The music waited eight years before its mesmerising premiere last Friday at St Nicholas Church of Ireland in Dundalk, by Gordon Jones and the Carducci Quartet.
It’s a fearless composer who takes on explicit comparison with a major masterwork of the past. There’s the case of Brahms, who worried about the shadow of Beethoven when he came to write his own First Symphony. There’s a swathe of composers who seem to fret at the burden of history when they write their first string quartet.
And then there are the brave ones, such as Frederic Rzewski, who took on a commission to write a companion piece to Beethoven’s Diabelli Variations, and in 1975 produced The People United Will Never Be Defeated!, a set of 36 variations on the Chilean protest song ¡El Pueblo Unido Jameas Será Vencido!.
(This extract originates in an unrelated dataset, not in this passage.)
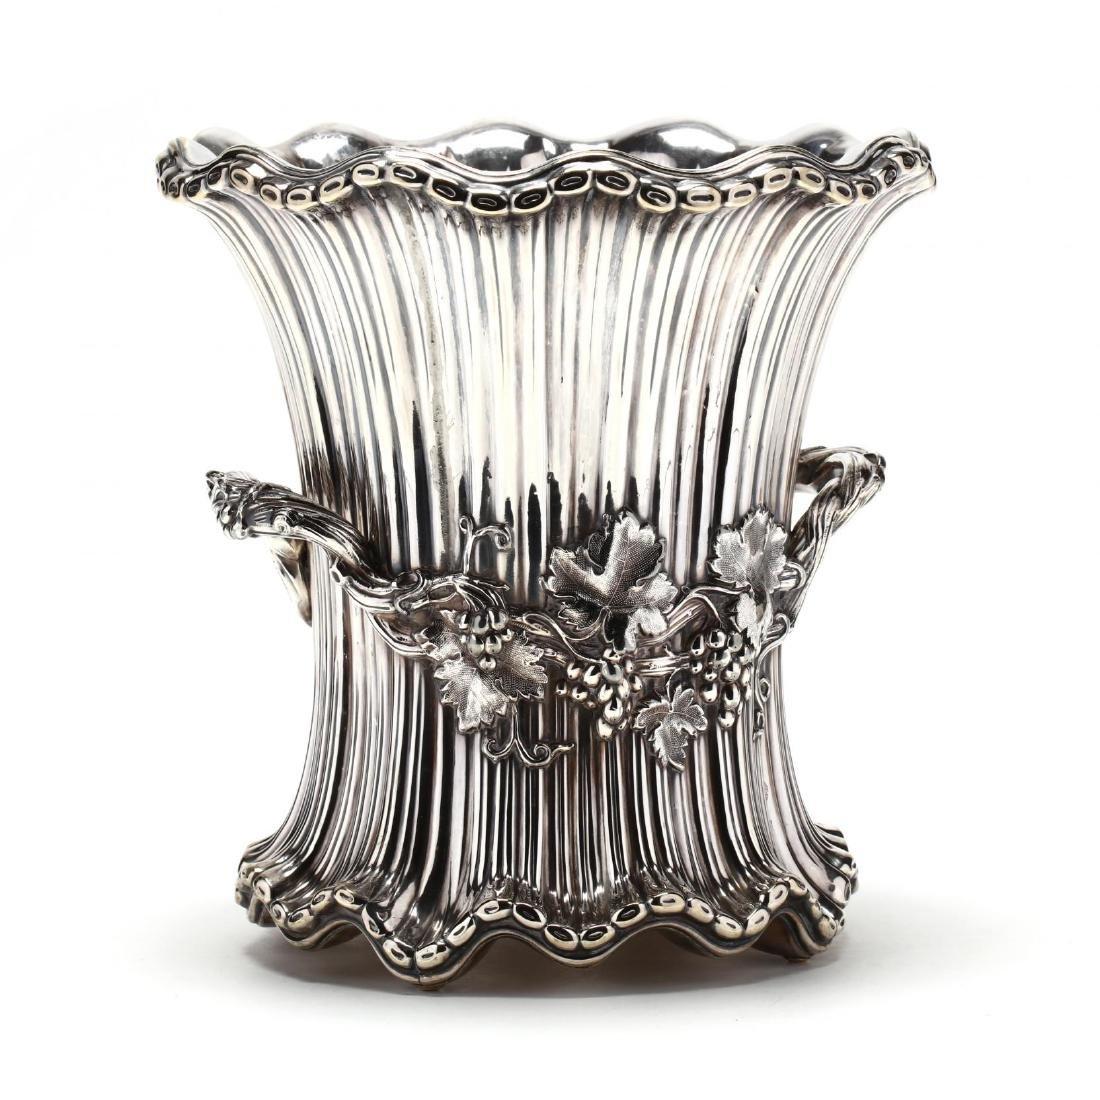 A Very Fine William IV Silverplate Wine Cooler
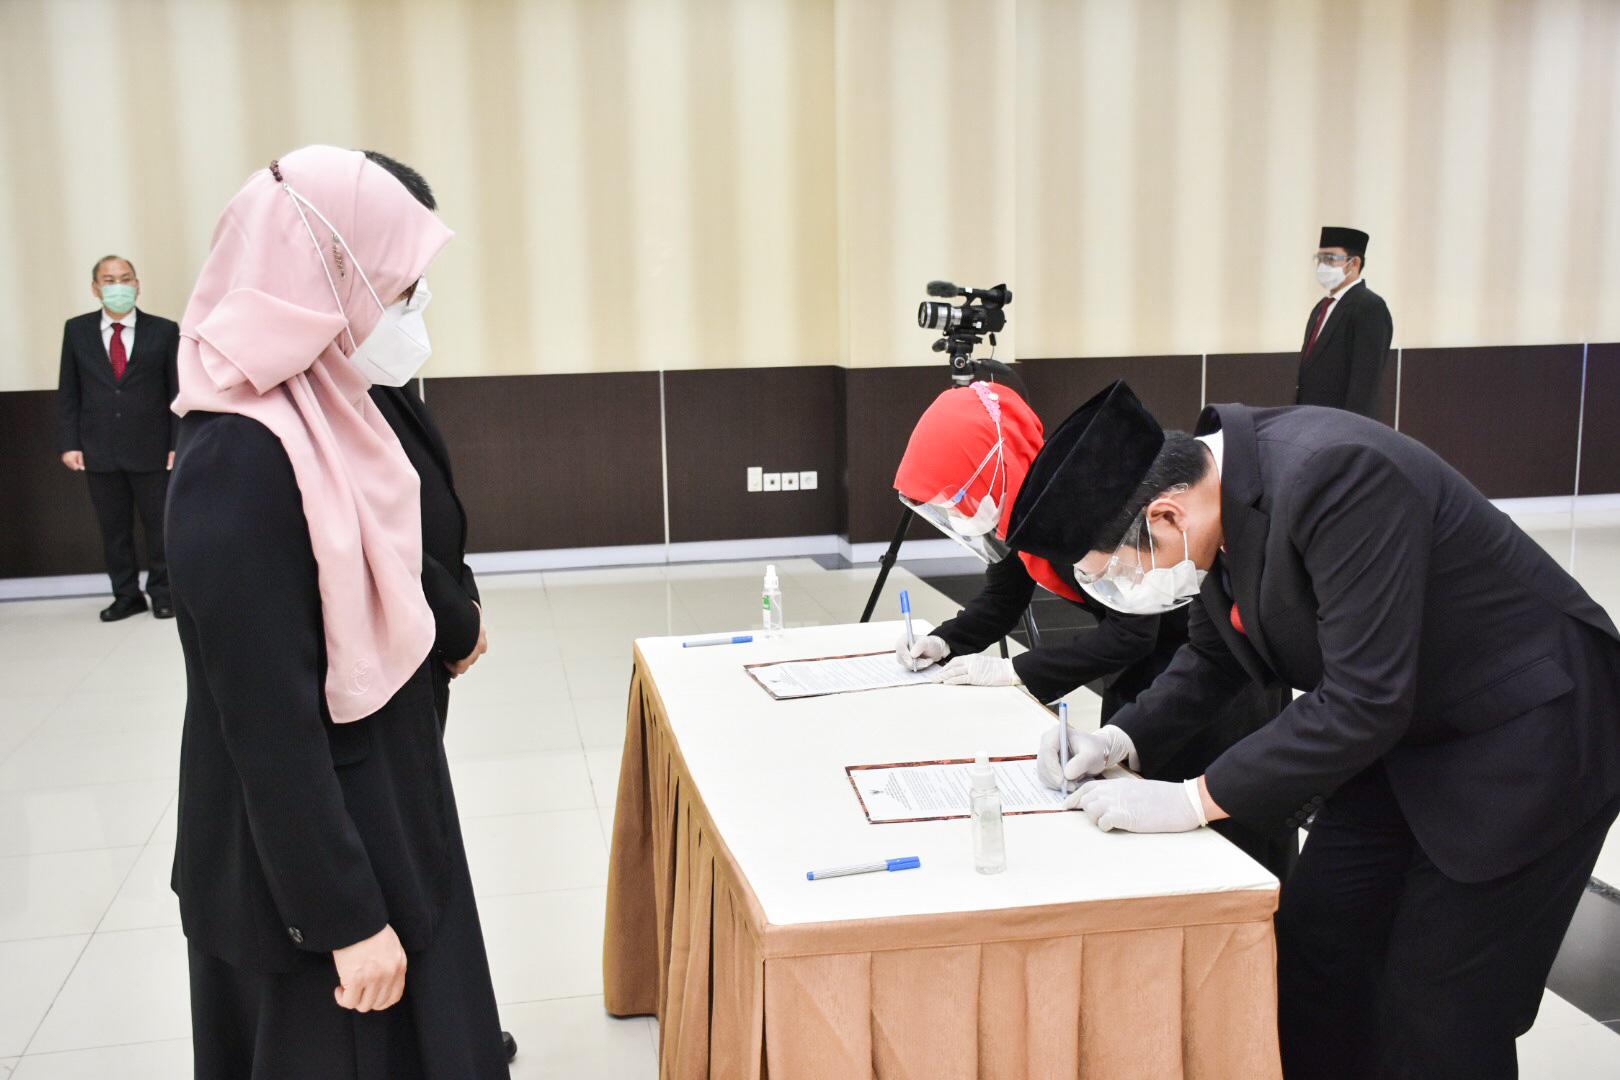 Penandatanganan Surat Keputusan bagi 23 Pegawai Negeri Sipil yang naik pangkat periode 1 April 2021 dan bagi dua orang pegawai yang memasuki masa purnabakti di Gedung Slamet Bratanata, Jakarta (05/04/

In 2005, Russian composer Alexander Raskatov wrote a successor to the string quartet version of the sequence of seven slow movements which make up Haydn’s Seven Last Words. In Ireland, this work has taken on an extraordinary life since Francis Humphrys programmed it at the first West Cork Chamber Music Festival in 1996, when the Parisii Quartet’s performance also featured readings by the late Michael Hartnett from his Mountains fall on us.
Raskatov’s Monk’s Music uses texts by St Silouan the Athonite, setting them for solo bass voice, and following them with meditations for string quartet, only joining voice and instruments briefly at the very end. The music is written in a style that’s easy to describe but hard to pin down. It’s a style that effectively eschews style, or, rather, that feels free to draw on any and every style.
The ambition to rove freely through musical history is one that many composers seem ready to indulge in. Composers of film music do it all the time, and the adoption of old musical clothes has resulted in a wide range of pieces that audiences still love, from Grieg’s Holberg Suite, to Stravinsky’s Pulcinella, to Rodion Shchedrin’s Carmen Suite (which is getting performances from the Irish Chamber Orchestra this month, in Limerick and Dublin, on Thursday 21st and Saturday 23rd).
Grieg, Stravinsky and Shchedrin give the impression of having a foot in two worlds, the world of their chosen past and the world of their actual present. Raskatov’s work is more like the music of an imagined future, where disparate elements and gestures from musical history have become blended into a new lingua franca. He emulates the meditative, time-stilling quality of Haydn’s music by going back to basics, to a world in which a simple pulsation, a flutter, a slide, a shift from consonance to dissonance, or even a silence can become an all-consuming event.
Monk’s Music was written for Valentin Berlinsky, founding cellist of the great Borodin Quartet (who sadly didn’t live to play it). The music waited eight years before its mesmerising premiere last Friday at St Nicholas Church of Ireland in Dundalk, by Gordon Jones and the Carducci Quartet.
Louth Contemporary Music Society, who promoted the concert, are also recording it for release on CD.